__PROBLEM REQUIREMENTS__. Output must consist only of the lines of the material below from the one with "Groundhog GP360 ECO" through the one with "Sweet apple wallpapers", each reproduced exactly; no pictures belong in it.

__PROVIDED DATA__.
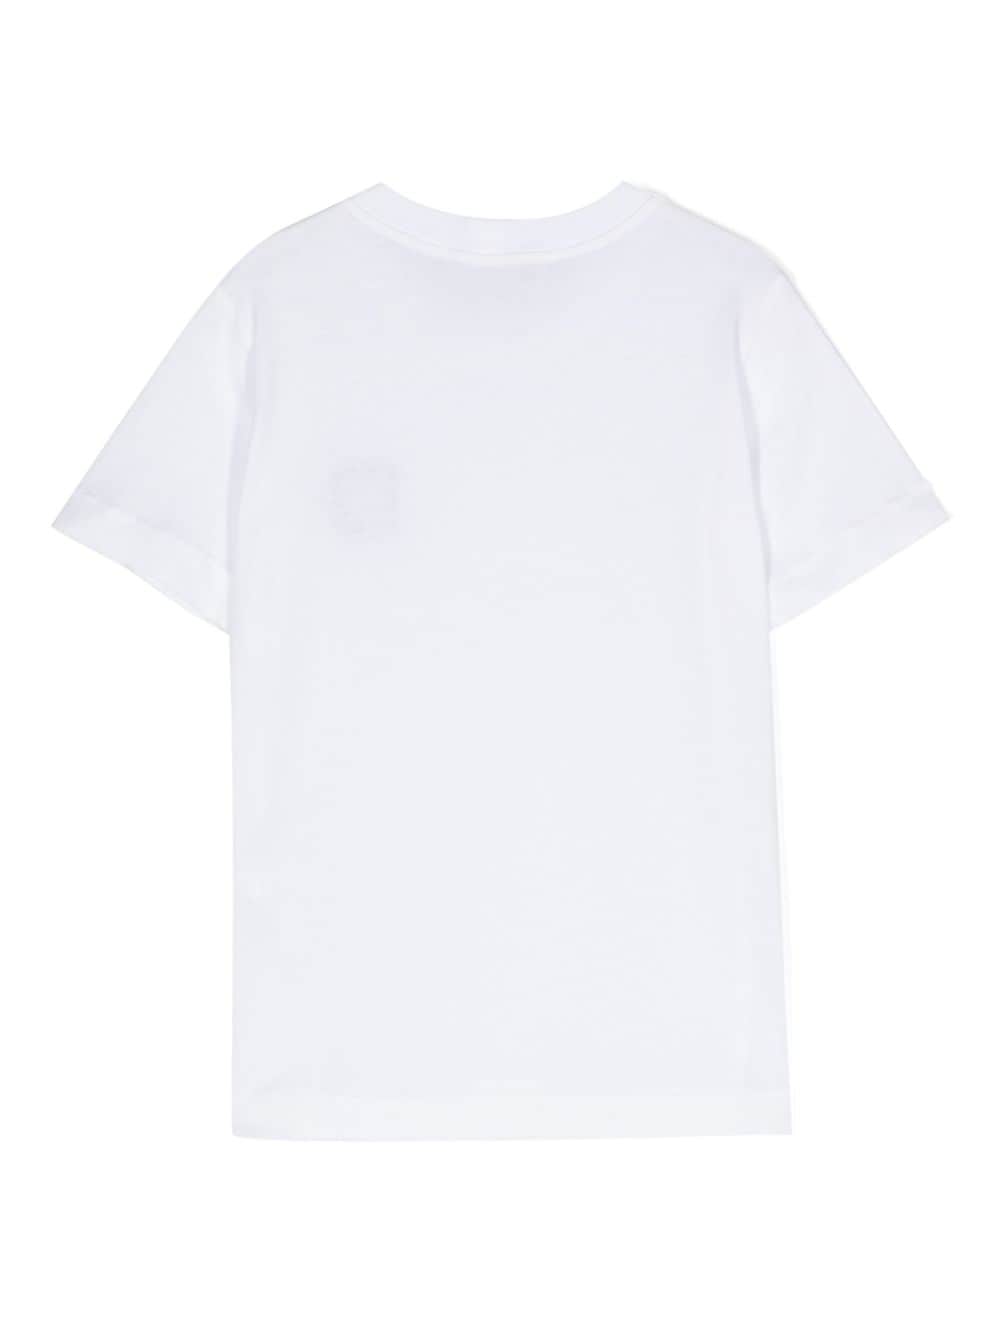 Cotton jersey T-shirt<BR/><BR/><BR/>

...

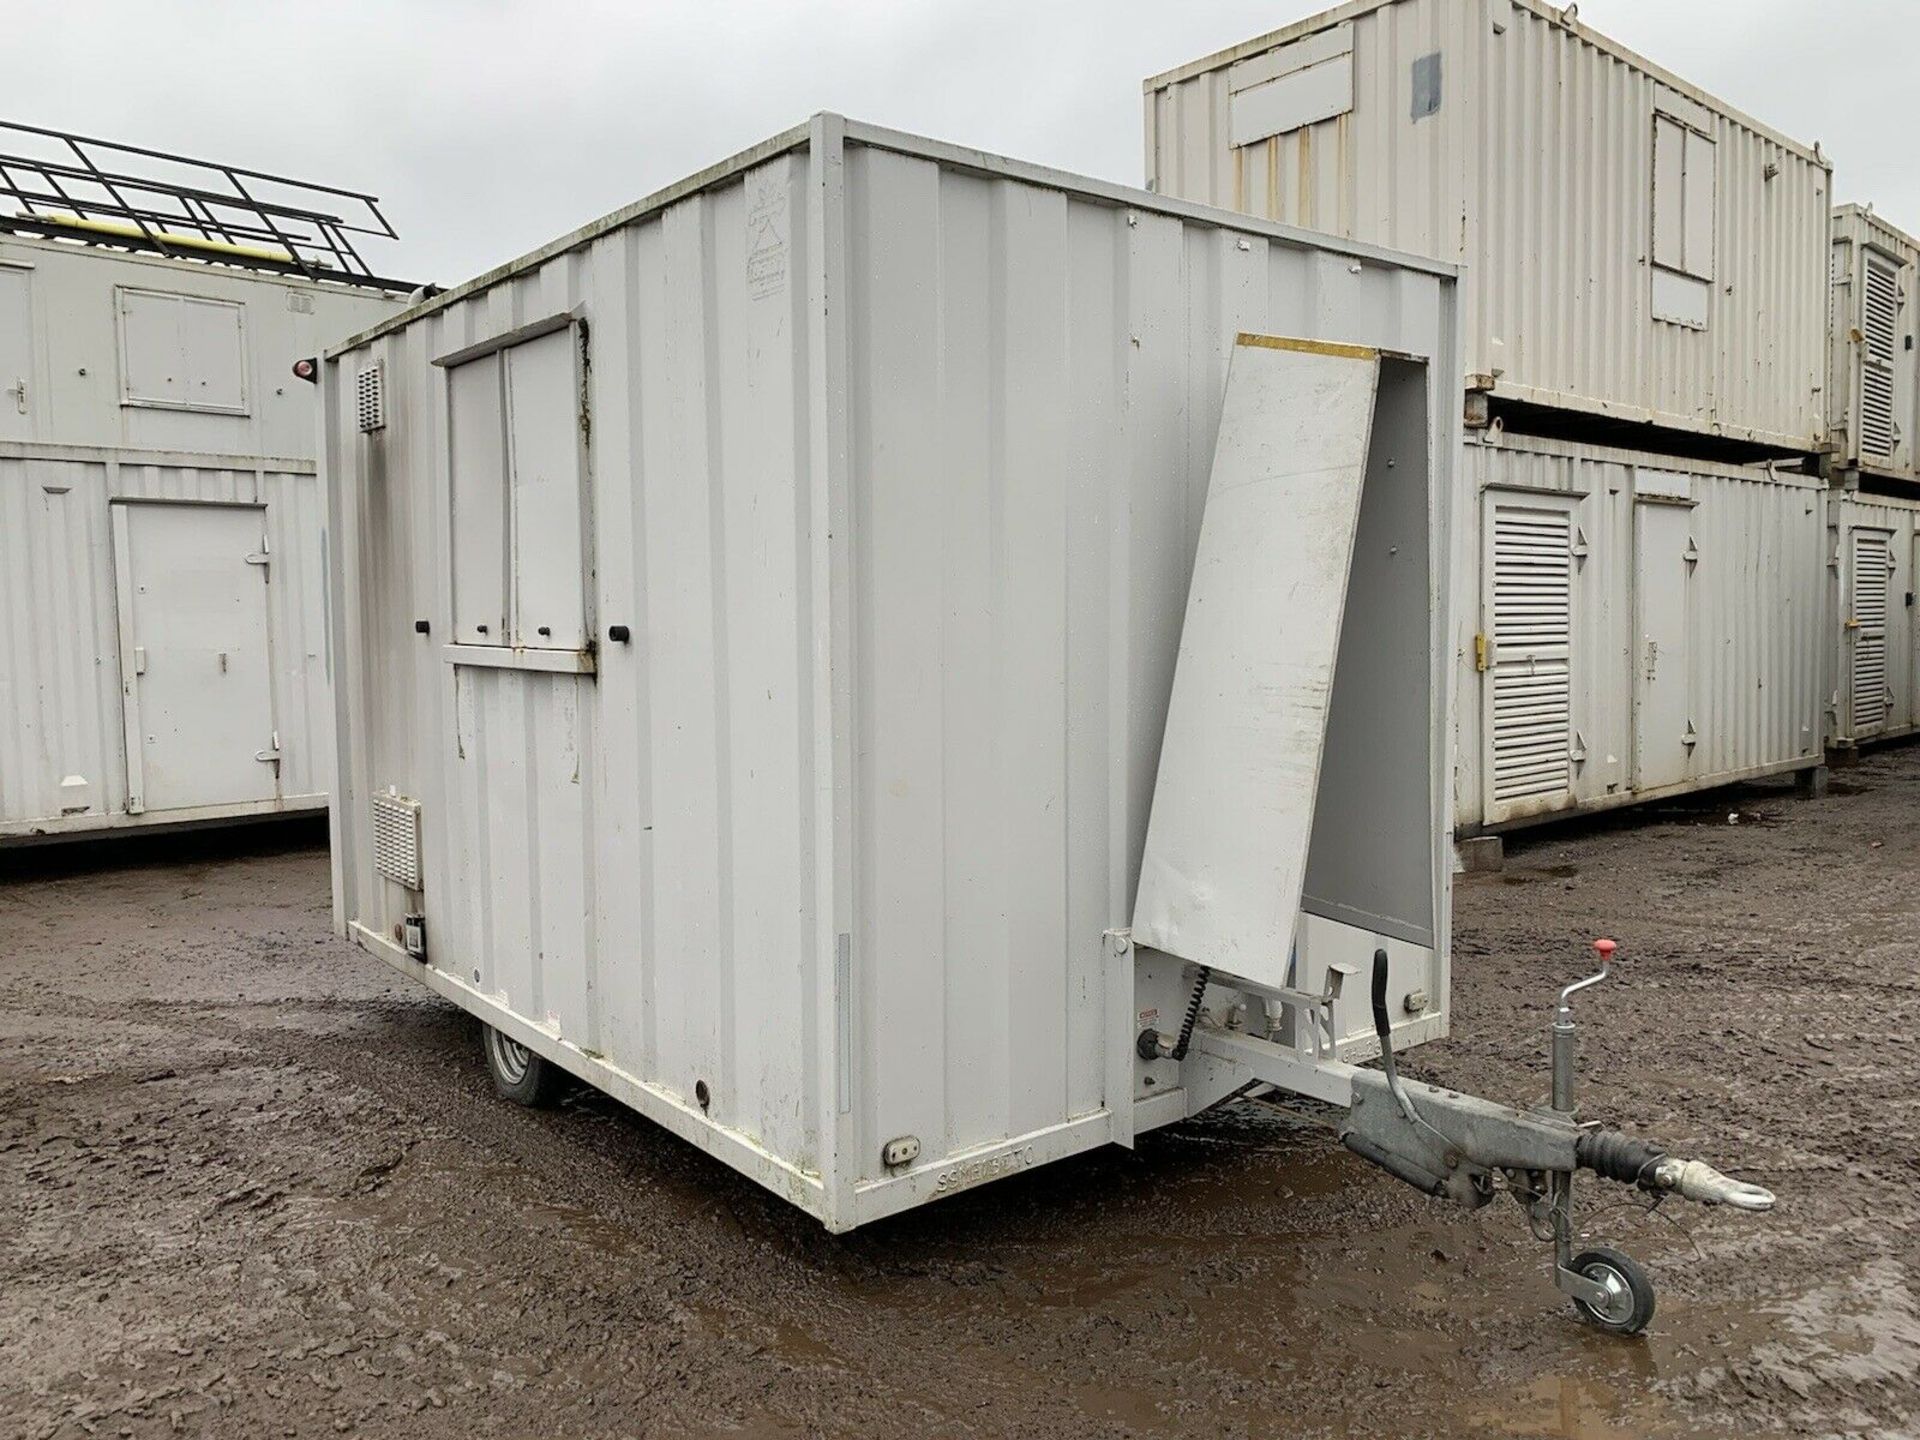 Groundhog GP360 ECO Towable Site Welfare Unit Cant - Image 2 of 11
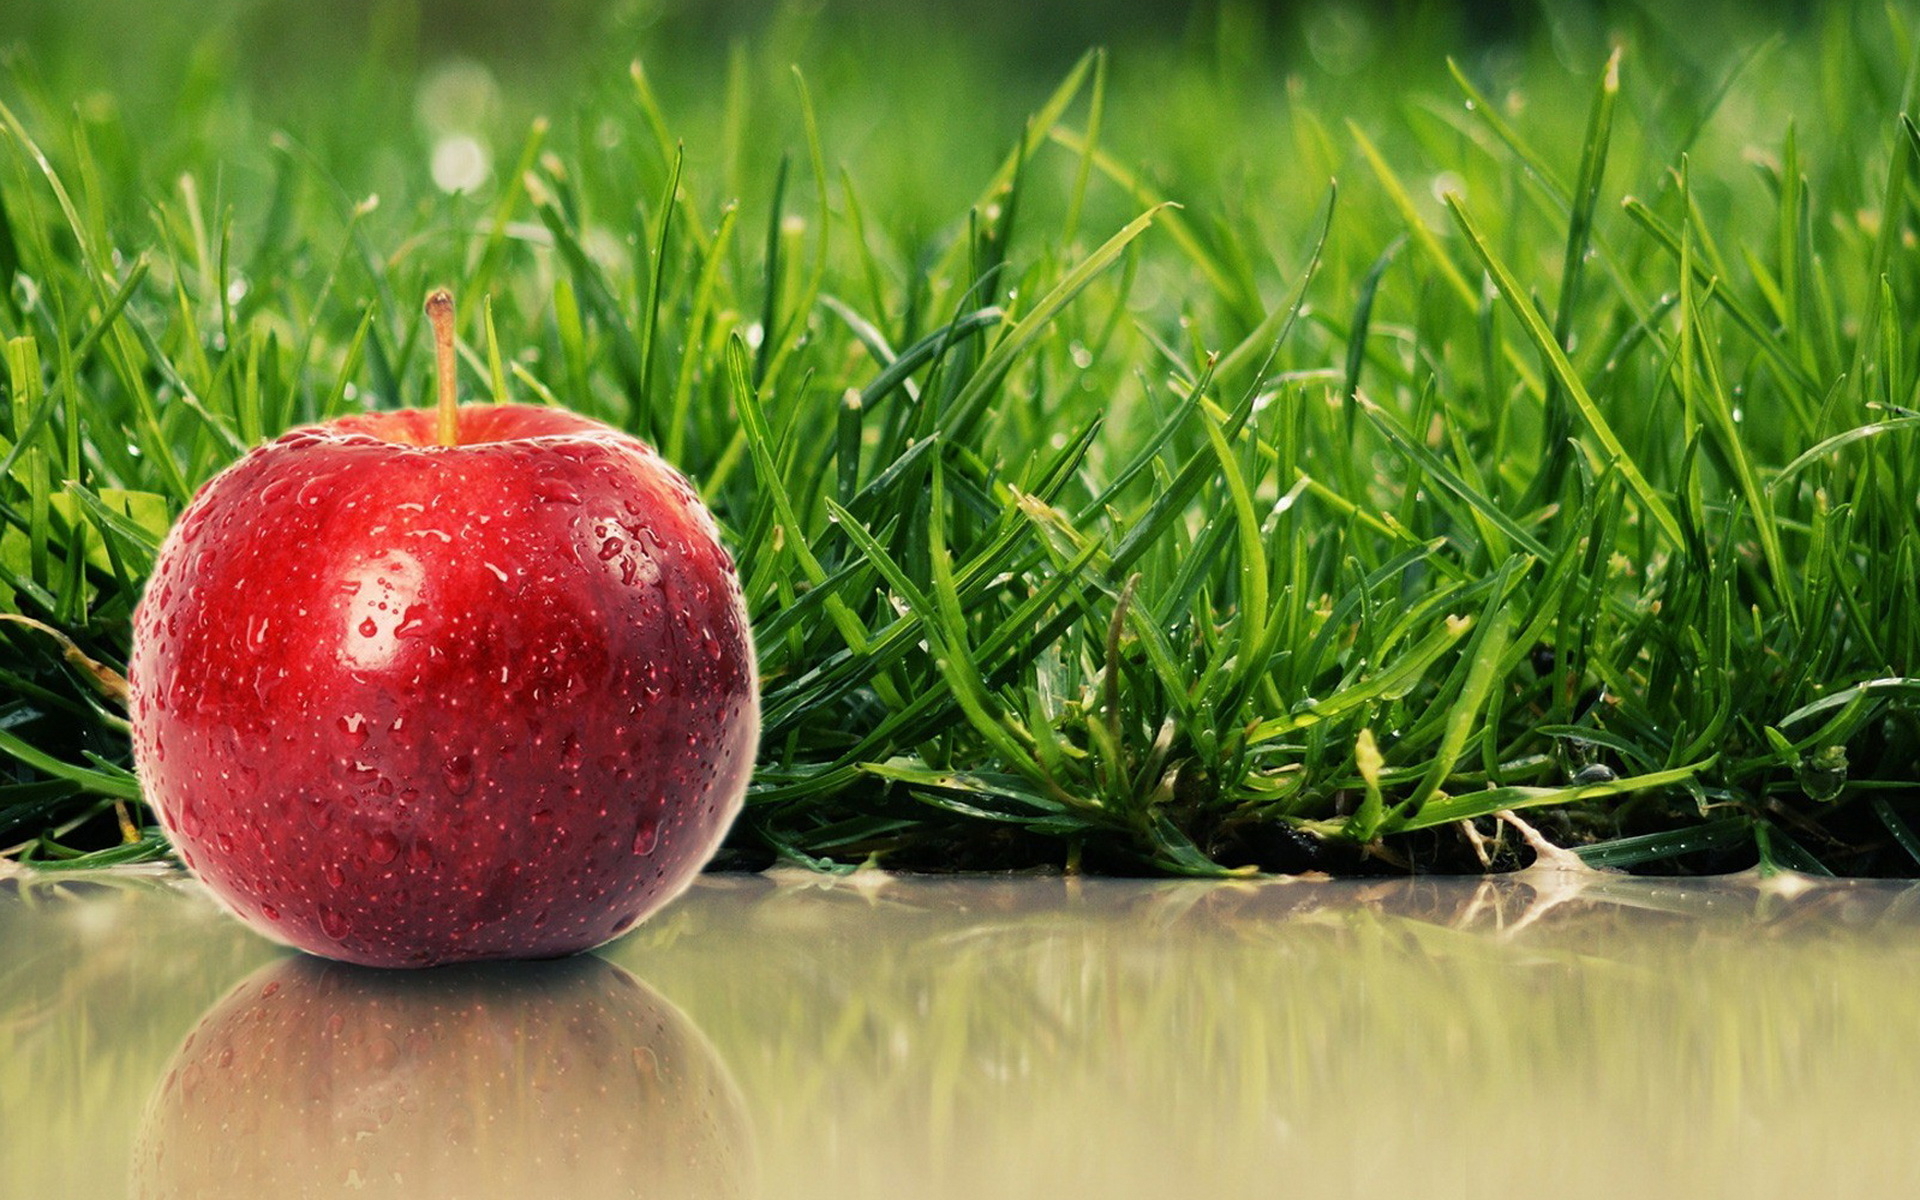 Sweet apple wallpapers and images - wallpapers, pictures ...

...

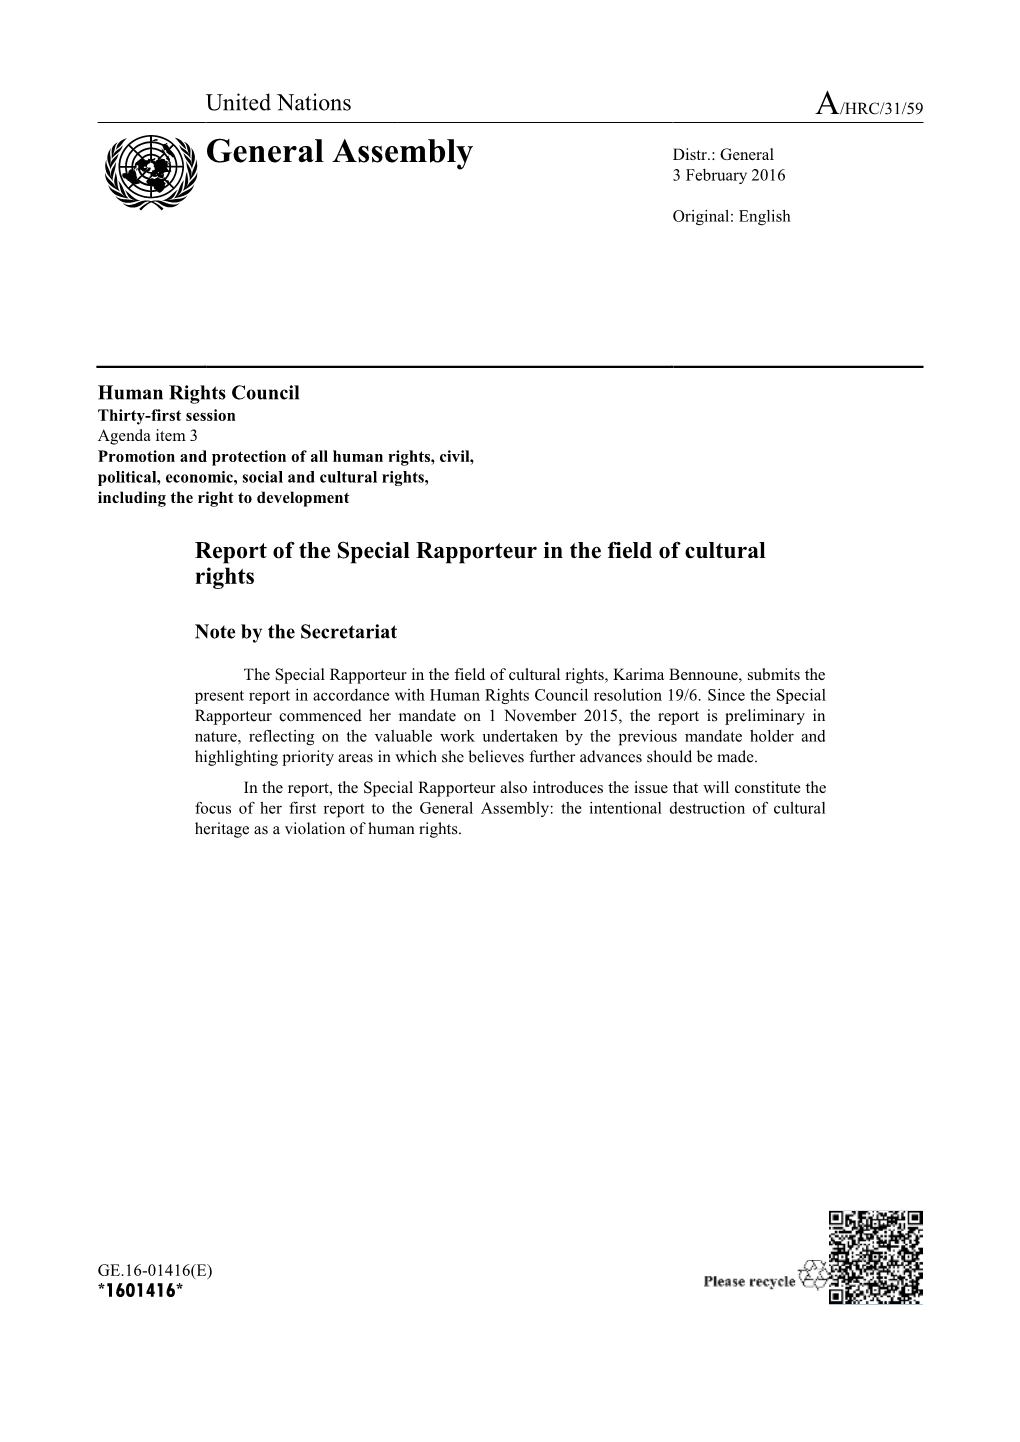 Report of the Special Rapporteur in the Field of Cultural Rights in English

__RESULT OF THE TASK__.
 Groundhog GP360 ECO Towable Site Welfare Unit Cant - Image 2 of 11
 Sweet apple wallpapers and images - wallpapers, pictures ...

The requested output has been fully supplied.